Dynamic IR drop is a function of:
  • Power Distribution Network (PDN): Just like the static IR drop, weak PDN affects dynamic IR as well. A weaker power grid is not equipped to meet the peak current demand by switching standard cells and it exacerbates the dynamic IR drop.
  • Simultaneous Switching: Higher simultaneous switching of standard cells tends to create local hotspots where peak current demand is higher, which causes voltage to drop in these hotspots.

Potential ways to mitigate dynamic voltage drop are as follows:
  • Augmenting the power grid to minimize PG resistance- Adding more power/ground straps facilitate better distribution of current to the standard cells, thereby reducing the susceptibility to dynamic IR drop. 
  • Cell Padding- Another effective way to reduce dynamic IR drop is to space apart cells which switch simultaneously to reduce the peak current demand from the power grid. This works especially well for clock cells which tend to display temporal switching and spatial locality.
Cell Spacing to solve instantaneous voltage drop
  • Downsizing- Downsizing cells reduces the instantaneous current demand, with a possible downside on setup timing.
Downsizing cells to solve instantaneous voltage drop
  • Splitting the output capacitance- The amount of current drawn from the power grid is directly proportional to output capacitance that’s being driven. Splitting the output capacitance can reduce the peak current demand, and also improve timing in most cases.
Split output capacitance to reduce peak current drawn from the power grid
  • Inserting decap cells- Decap cells are decoupling capacitors that tend to act as charge reservoirs that can supply current to the standard cells in event of high requirement, especially when there’s simultaneous switching of cells in a local region.
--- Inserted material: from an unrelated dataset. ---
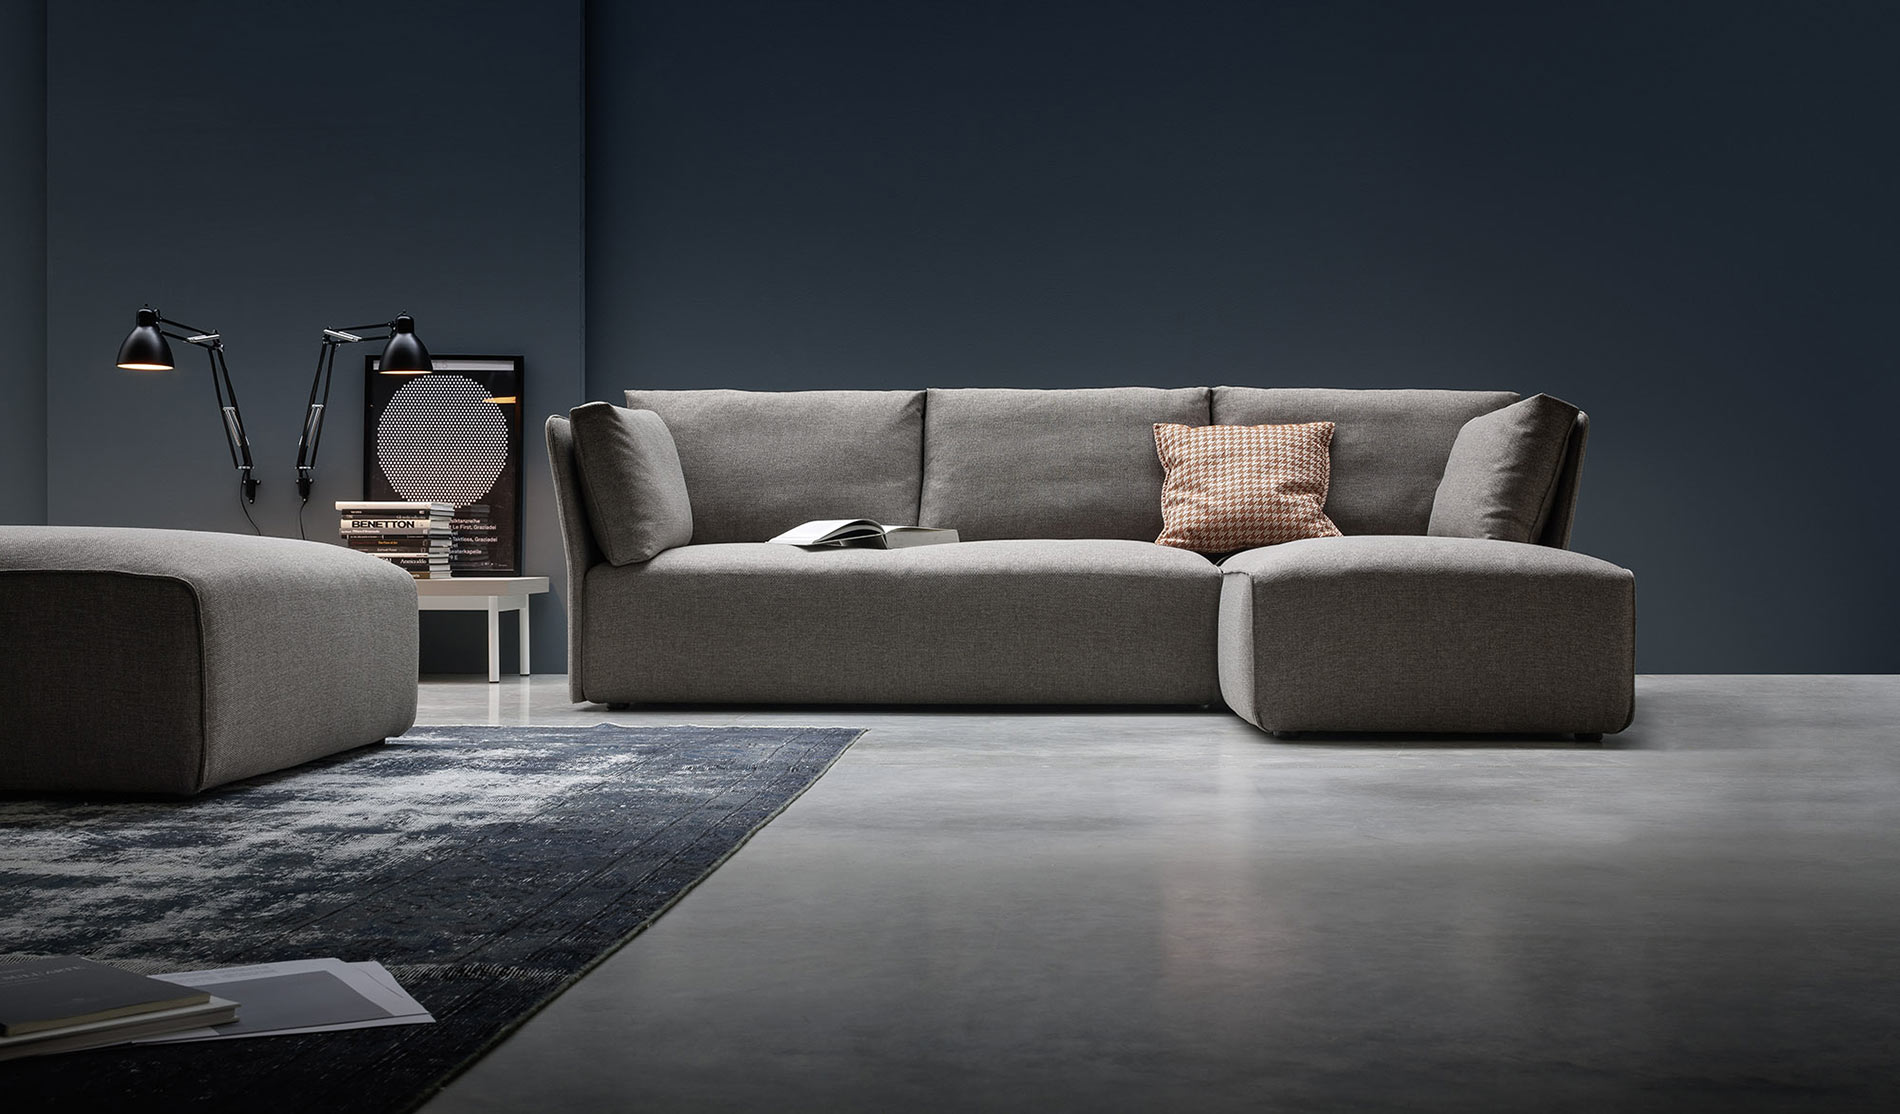 kleines ecksofa affordable kleines ecksofa mit sofa mit. Black Bedroom Furniture Sets. Home Design Ideas

However, just like any capacitor, decaps tend to be leaky and add to the leakage power dissipated in the design. 

Inserting decaps to minimize dynamic voltage drop

With shrinking geometries, designs are moving from gate-dominated designs to wire-dominated designs. Also, the operating frequencies have been increasing. More signal wires mean lesser routing resources for the power distribution network. Moreover, lower technology nodes allow higher packing density of standard cells. Higher frequencies cause higher switching resulting in higher voltage droop and higher ground bounce.
Due diligence is necessary not just to design the power grid but also to analyze and fix the dynamic IR drop violations to avoid seeing any timing surprises on silicon.